ACTIVITY – All lines from the one containing "Comunicato Stampa Eboli 19 nov Fondazion" down to the one containing "графика хэллоуин graphics Halloween скачать", both ends included, are to be given again exactly; omit the rest of the listing below.

AVAILABLE DATA –
-.-.-

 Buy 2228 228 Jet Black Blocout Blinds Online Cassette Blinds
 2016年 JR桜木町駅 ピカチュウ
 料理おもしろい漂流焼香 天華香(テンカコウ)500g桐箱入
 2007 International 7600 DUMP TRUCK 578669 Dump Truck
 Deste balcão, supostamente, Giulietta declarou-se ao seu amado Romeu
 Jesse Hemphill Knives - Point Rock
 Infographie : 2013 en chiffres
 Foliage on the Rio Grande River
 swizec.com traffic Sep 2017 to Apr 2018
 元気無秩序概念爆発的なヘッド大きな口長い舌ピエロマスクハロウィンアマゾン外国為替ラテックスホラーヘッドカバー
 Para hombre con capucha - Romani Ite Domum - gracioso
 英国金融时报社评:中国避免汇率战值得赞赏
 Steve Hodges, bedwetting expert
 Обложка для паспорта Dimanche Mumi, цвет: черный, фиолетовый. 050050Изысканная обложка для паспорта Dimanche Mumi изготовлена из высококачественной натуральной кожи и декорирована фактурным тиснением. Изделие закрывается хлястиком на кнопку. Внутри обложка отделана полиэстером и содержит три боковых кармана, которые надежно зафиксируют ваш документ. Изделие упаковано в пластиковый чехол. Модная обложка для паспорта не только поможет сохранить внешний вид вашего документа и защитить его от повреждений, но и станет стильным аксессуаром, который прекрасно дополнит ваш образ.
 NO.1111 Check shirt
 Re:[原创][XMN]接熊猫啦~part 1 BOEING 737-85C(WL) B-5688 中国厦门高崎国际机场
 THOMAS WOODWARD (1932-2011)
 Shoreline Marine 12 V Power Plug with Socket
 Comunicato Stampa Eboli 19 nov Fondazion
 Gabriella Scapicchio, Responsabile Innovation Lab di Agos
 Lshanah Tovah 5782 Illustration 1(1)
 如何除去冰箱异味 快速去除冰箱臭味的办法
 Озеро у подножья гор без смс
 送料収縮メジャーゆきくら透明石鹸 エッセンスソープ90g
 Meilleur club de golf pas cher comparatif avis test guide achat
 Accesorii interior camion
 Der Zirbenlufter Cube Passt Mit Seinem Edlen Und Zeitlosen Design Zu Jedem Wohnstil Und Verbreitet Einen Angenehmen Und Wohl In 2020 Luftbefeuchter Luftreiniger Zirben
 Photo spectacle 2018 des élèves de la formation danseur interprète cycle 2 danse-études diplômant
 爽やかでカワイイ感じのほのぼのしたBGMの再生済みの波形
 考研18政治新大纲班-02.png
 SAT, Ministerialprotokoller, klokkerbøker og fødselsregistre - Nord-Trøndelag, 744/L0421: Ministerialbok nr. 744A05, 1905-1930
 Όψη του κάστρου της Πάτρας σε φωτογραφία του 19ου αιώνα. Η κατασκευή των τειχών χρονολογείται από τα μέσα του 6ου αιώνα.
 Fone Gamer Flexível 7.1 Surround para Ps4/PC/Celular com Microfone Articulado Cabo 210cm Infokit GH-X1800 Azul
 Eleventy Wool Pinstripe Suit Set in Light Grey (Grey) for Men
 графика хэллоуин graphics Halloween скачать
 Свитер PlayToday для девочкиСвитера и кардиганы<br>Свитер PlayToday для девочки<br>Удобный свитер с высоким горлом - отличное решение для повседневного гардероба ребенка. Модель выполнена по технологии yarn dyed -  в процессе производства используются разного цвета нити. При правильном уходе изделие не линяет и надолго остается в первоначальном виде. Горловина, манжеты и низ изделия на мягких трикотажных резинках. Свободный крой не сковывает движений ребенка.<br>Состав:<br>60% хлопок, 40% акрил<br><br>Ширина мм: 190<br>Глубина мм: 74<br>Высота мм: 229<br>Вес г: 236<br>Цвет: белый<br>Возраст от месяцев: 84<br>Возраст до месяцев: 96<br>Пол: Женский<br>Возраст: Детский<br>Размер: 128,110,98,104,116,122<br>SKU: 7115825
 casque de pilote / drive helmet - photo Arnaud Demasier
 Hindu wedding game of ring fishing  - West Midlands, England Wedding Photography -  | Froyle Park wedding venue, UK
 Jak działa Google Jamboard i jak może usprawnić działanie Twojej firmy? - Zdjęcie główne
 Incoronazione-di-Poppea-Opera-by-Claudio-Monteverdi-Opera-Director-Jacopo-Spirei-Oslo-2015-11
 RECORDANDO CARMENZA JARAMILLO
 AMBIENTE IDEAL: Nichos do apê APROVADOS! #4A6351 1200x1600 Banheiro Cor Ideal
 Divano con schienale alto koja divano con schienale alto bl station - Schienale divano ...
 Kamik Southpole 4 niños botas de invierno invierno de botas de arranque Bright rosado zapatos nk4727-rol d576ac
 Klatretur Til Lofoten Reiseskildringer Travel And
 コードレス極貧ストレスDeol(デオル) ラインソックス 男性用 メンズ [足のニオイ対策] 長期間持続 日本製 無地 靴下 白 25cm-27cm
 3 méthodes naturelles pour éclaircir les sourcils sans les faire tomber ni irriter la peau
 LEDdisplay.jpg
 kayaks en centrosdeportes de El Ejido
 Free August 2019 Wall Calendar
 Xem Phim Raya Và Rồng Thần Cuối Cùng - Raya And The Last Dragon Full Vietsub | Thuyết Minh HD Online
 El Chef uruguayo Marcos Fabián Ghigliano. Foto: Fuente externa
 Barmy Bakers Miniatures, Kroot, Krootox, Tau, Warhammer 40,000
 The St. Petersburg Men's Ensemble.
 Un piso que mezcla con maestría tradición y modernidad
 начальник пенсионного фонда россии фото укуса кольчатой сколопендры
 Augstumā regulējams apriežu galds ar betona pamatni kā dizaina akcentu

-.-.-

TASK RESULT –
 Comunicato Stampa Eboli 19 nov Fondazion
 Gabriella Scapicchio, Responsabile Innovation Lab di Agos
 Lshanah Tovah 5782 Illustration 1(1)
 如何除去冰箱异味 快速去除冰箱臭味的办法
 Озеро у подножья гор без смс
 送料収縮メジャーゆきくら透明石鹸 エッセンスソープ90g
 Meilleur club de golf pas cher comparatif avis test guide achat
 Accesorii interior camion
 Der Zirbenlufter Cube Passt Mit Seinem Edlen Und Zeitlosen Design Zu Jedem Wohnstil Und Verbreitet Einen Angenehmen Und Wohl In 2020 Luftbefeuchter Luftreiniger Zirben
 Photo spectacle 2018 des élèves de la formation danseur interprète cycle 2 danse-études diplômant
 爽やかでカワイイ感じのほのぼのしたBGMの再生済みの波形
 考研18政治新大纲班-02.png
 SAT, Ministerialprotokoller, klokkerbøker og fødselsregistre - Nord-Trøndelag, 744/L0421: Ministerialbok nr. 744A05, 1905-1930
 Όψη του κάστρου της Πάτρας σε φωτογραφία του 19ου αιώνα. Η κατασκευή των τειχών χρονολογείται από τα μέσα του 6ου αιώνα.
 Fone Gamer Flexível 7.1 Surround para Ps4/PC/Celular com Microfone Articulado Cabo 210cm Infokit GH-X1800 Azul
 Eleventy Wool Pinstripe Suit Set in Light Grey (Grey) for Men
 графика хэллоуин graphics Halloween скачать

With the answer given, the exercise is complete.